Tobe Hooper naît en 1943 à Austin, dans le Texas. Ses parents travaillent dans un complexe hôtelier et le laissent régulièrement en garderie dans la salle de cinéma. Il devient un passionné de septième art, s'intéresse notamment aux films de la compagnie Hammer (Le cauchemar de Dracula (1958) de Terence Fisher...), et expérimente abondamment avec la caméra super 8 familiale. Après ses études, il réalise des documentaires et travaille pour la publicité. Il tourne deux longs métrages, avec The heisters (1963) et une oeuvre expérimentale fantastique, Eggshells (1969), en fait une histoire de fantômes. Ce ne sont pas des succès. Hooper assiste à une projection de La nuit des morts-vivants (1968) de George Romero, et, devant les réactions aussi terrifiées qu'enthousiastes, il se dit que, pour percer commercialement, le fantastique est une piste très valable. Les succès de Rosemary's baby (1968) de Roman Polanski et de L'exorciste (1973) de William Friedkin ont du le conforter dans cette idée. Il rassemble alors un petit budget et fait appel à une équipe de débutants, dont l'opérateur Daniel Pearl (L'invasion vient de Mars (1986) de Tobe Hooper, In bed with madonna (1991)...) et le directeur artistique Robert A. Burns (La colline a des yeux (1977) de Wes Craven, Hurlements (1981) de Joe Dante, Re-animator (1985) de Stuart Gordon...). Le tournage ne dure que six semaines, et se déroule dans des conditions très difficiles, notamment à cause des odeurs des abats et des ossements d'animaux abondamment employés dans cette oeuvre. Les acteurs n'ont pas vraiment fait des grandes carrières au cinéma par la suite, bien que certains réapparaissent dans des épisodes de la série des Massacre à la tronçonneuse : Marilyn Burns (Texas chainsaw (1994)...) ; John Siedow (Massacre à la tronçonneuse 2 (1986)...)... Le comédien d'origine islandaise Gunnar Hansen (Mosquito (1995) de Gary Jones...), premier interprète du fameux Leatherface, le tueur à la tronçonneuse, n'a jamais repris ce rôle dans les trois suites, faute d'offres financières suffisamment intéressantes.
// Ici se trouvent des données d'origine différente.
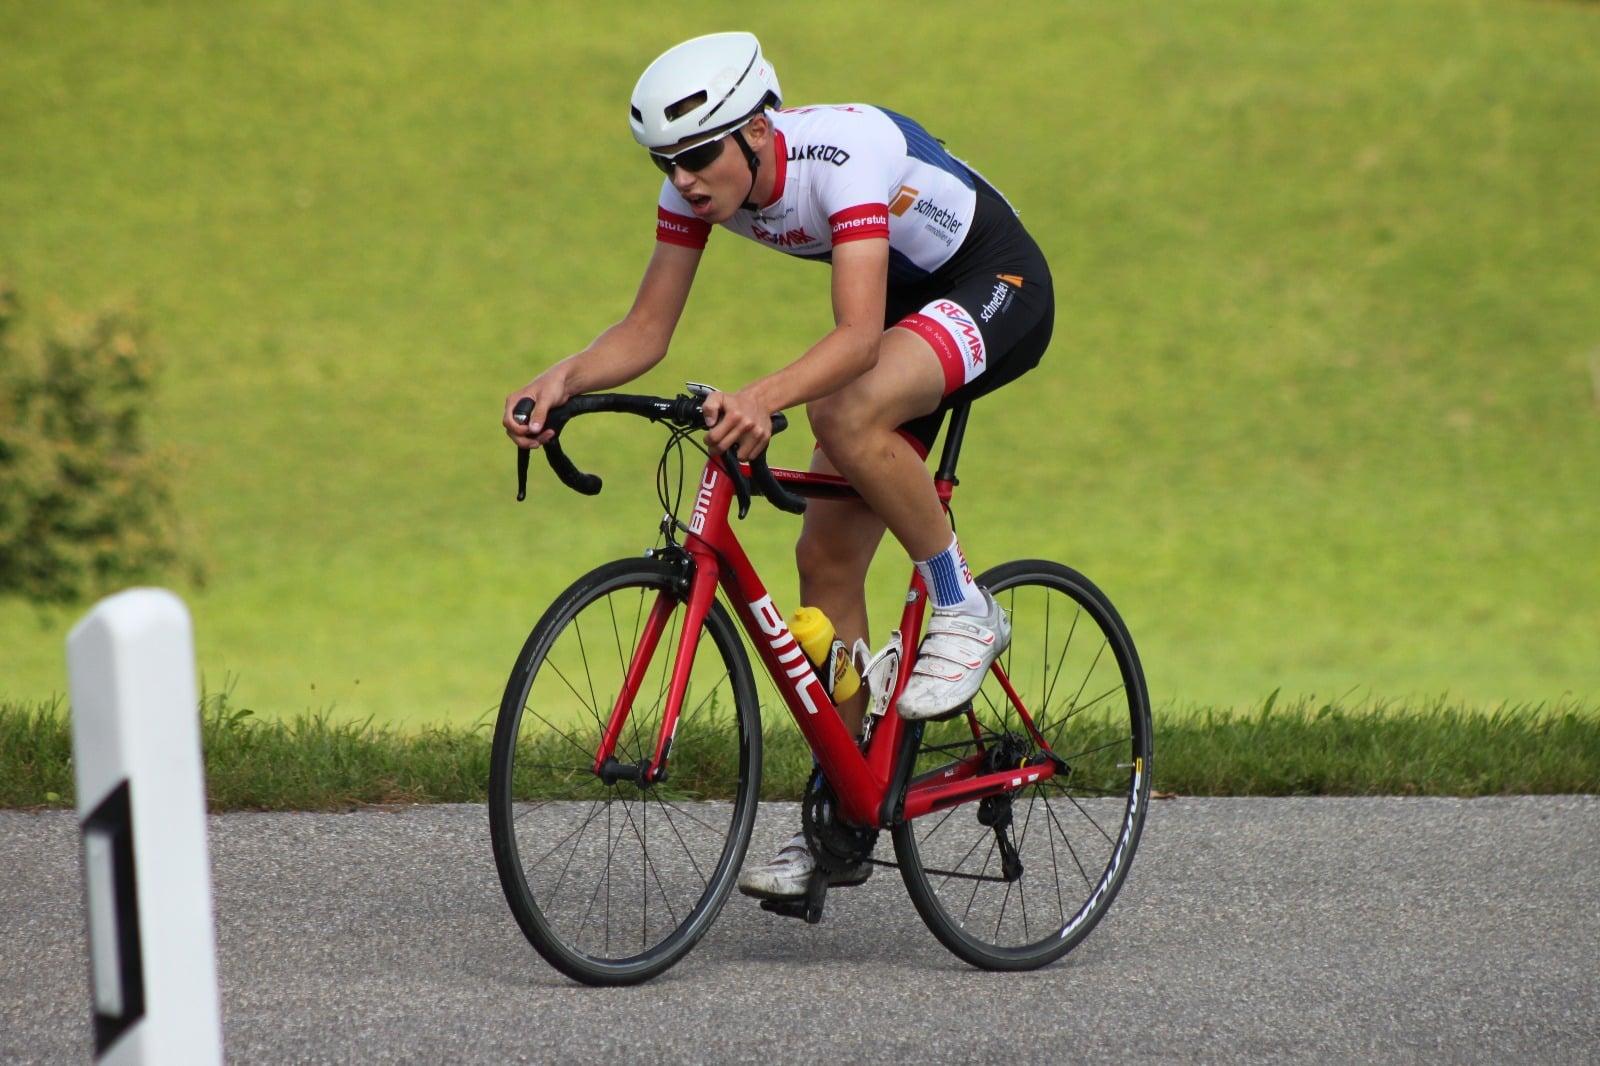 Radsportler Training Wettkampf Bergzeitfahren
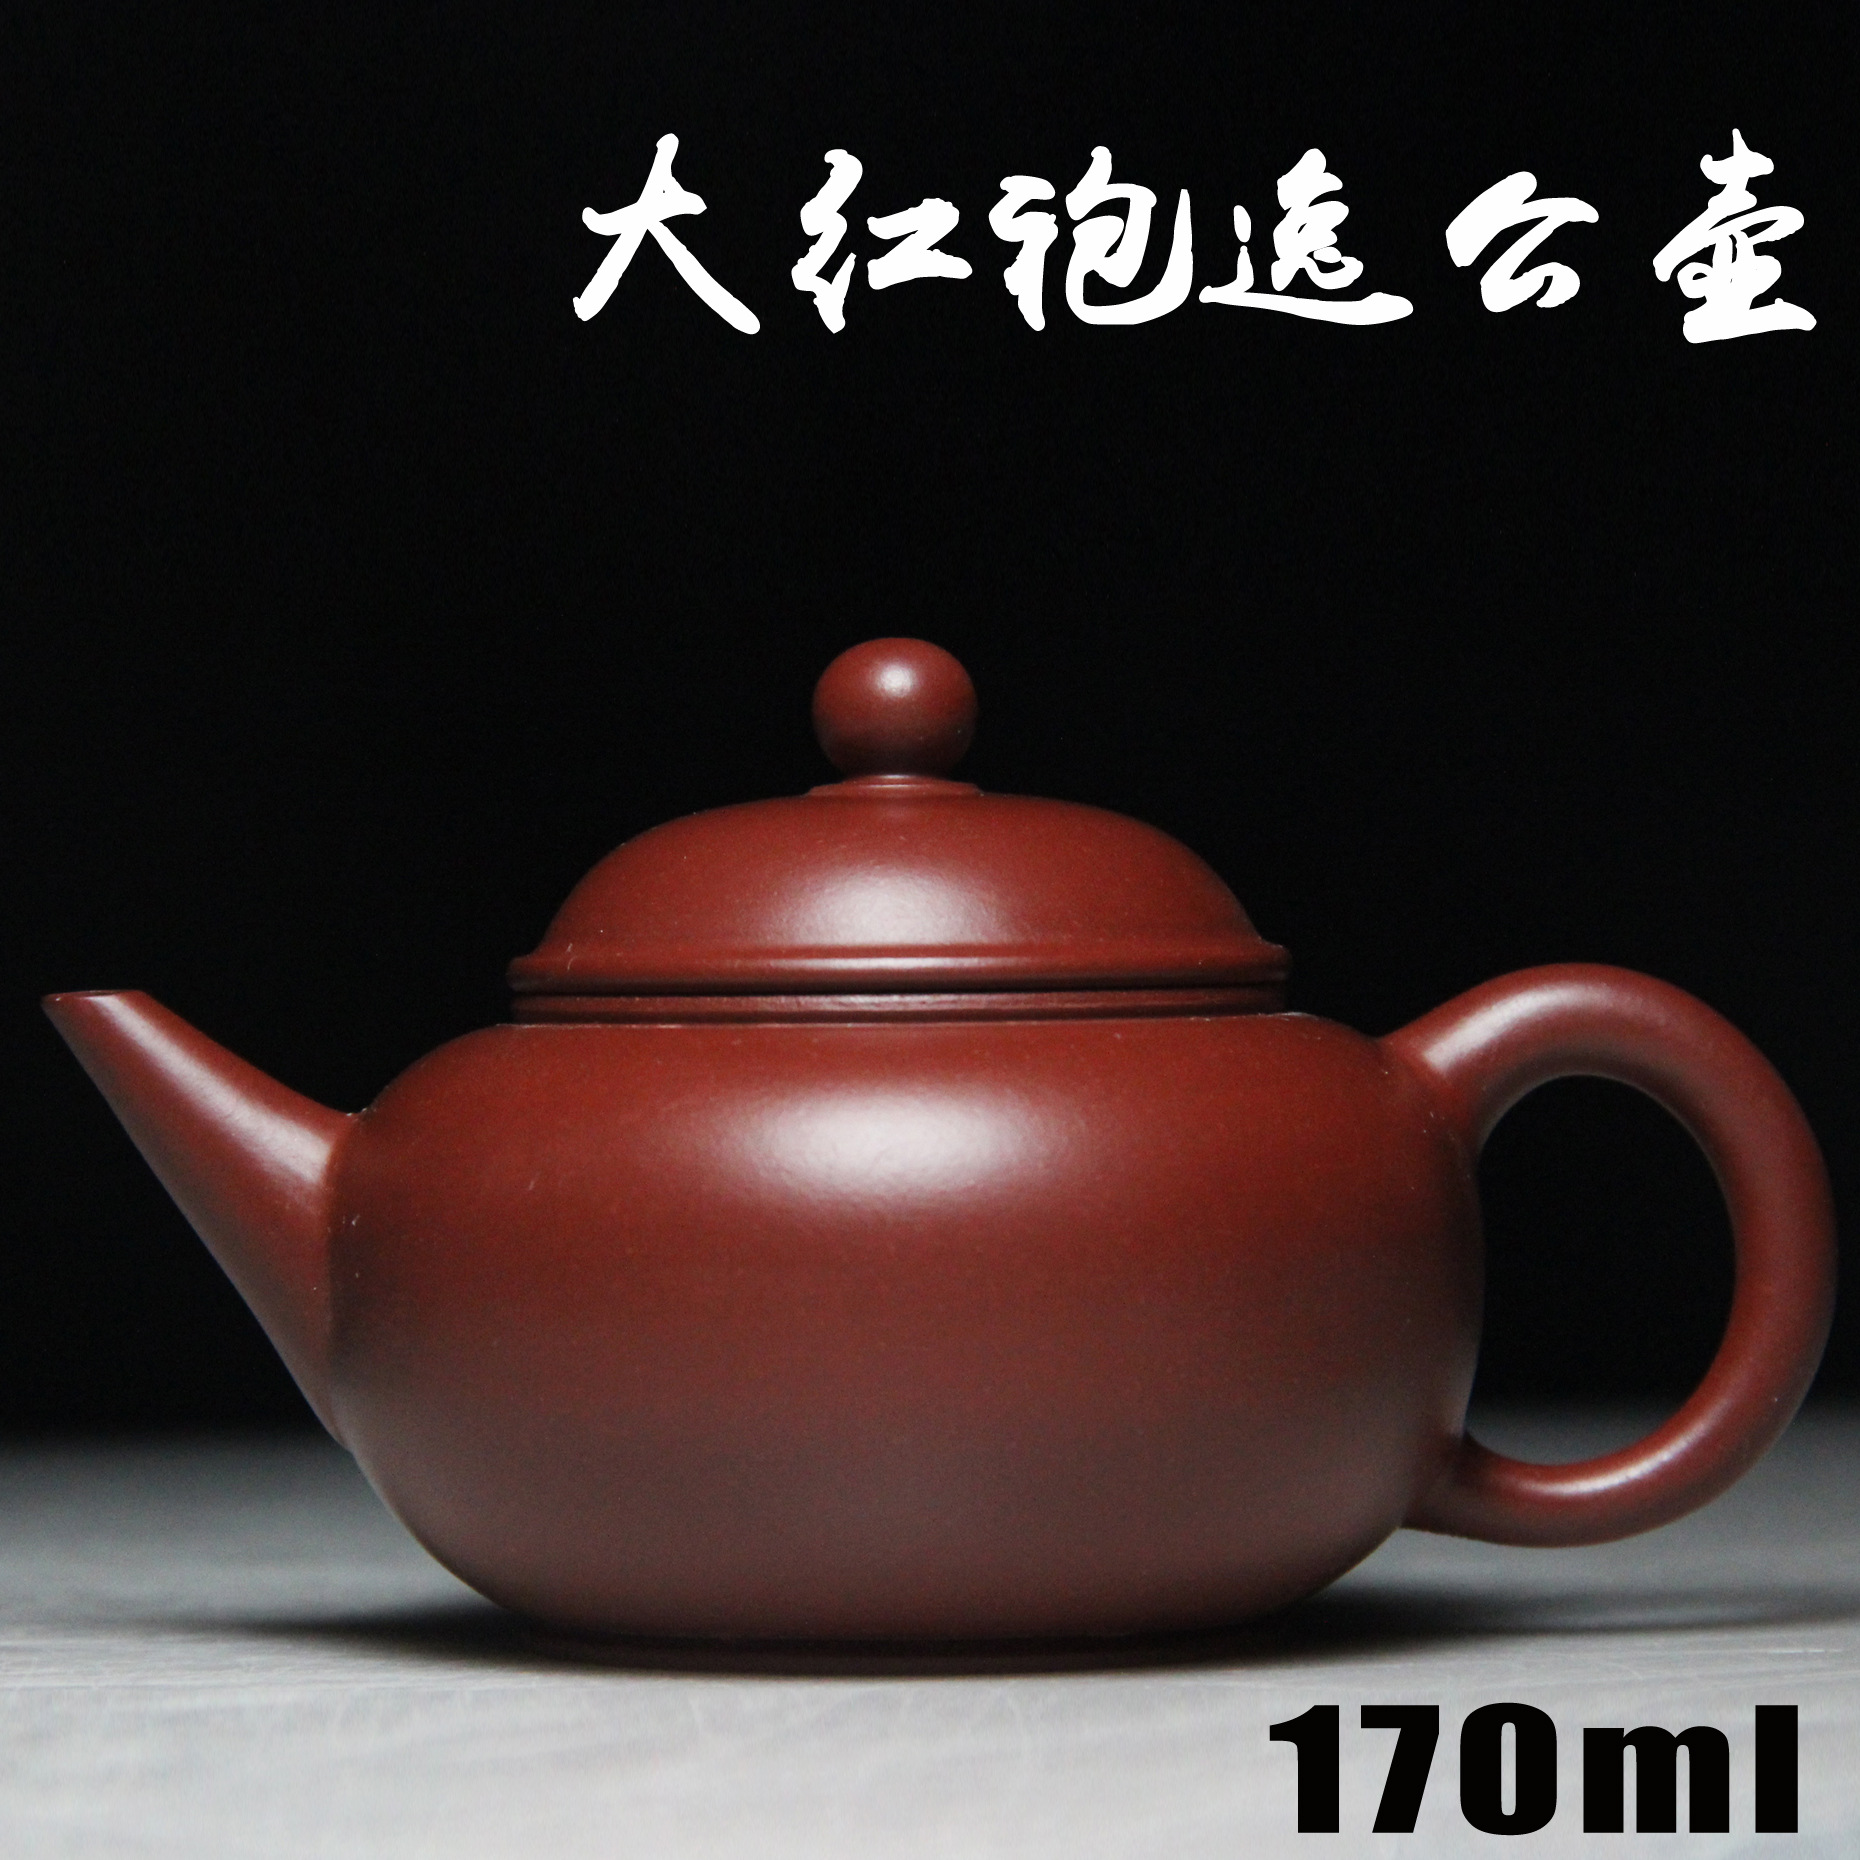 247 Yixing teapot pot authentic masters handmade teapot mud ore Zhu Dahongpao 9 hole

Le début des années 1970 est, aux États-Unis, chaotique : Tobe Hooper en parle lui-même comme un moment de désenchantement. Ce pays ne parvient à s'extirper définitivement de la guerre du Vietnam qu'en 1973, tandis que le scandale du Watergate, qui entraîna la démission du président Nixon, a lieu l'année suivante. Les utopies de la fin des années 1960 se sont donc échoués sur une réalité brutale. Jimi Hendrix et Janis Joplin, deux des plus emblématiques vedettes du festival "peace and love" de Woodstock, meurent tragiquement dès 1970, précédé de peu par Brian Jones des The rolling Stones et suivi par Jim Morrison des The doors. Les crimes atroces commis par Charles Manson et sa communauté, se disant inspiré par l'album blanc de The Beatles, achèvent de démolir les dernières illusions hippies. Ce chaos avait déjà été pressenti par George Romero, qui sort en 1968 La nuit des morts-vivants, tourné dans un style documentaire avec très peu de moyens, mais avec une très grande liberté dans la représentation explicite des évènements horrifiques et dans son message politique impitoyable sur la civilisation américaine. Il est suivi, de peu, par les très dérangeant La dernière maison sur la gauche (1972) de Wes Craven, inspiré par La source (1960) d'Ingmar Bergman. Tourné dans des conditions assez semblables à celles de La nuit des morts-vivants, il décrit dans le détail les méfaits d'une bande de psychopathes harcelant deux jeunes adolescentes.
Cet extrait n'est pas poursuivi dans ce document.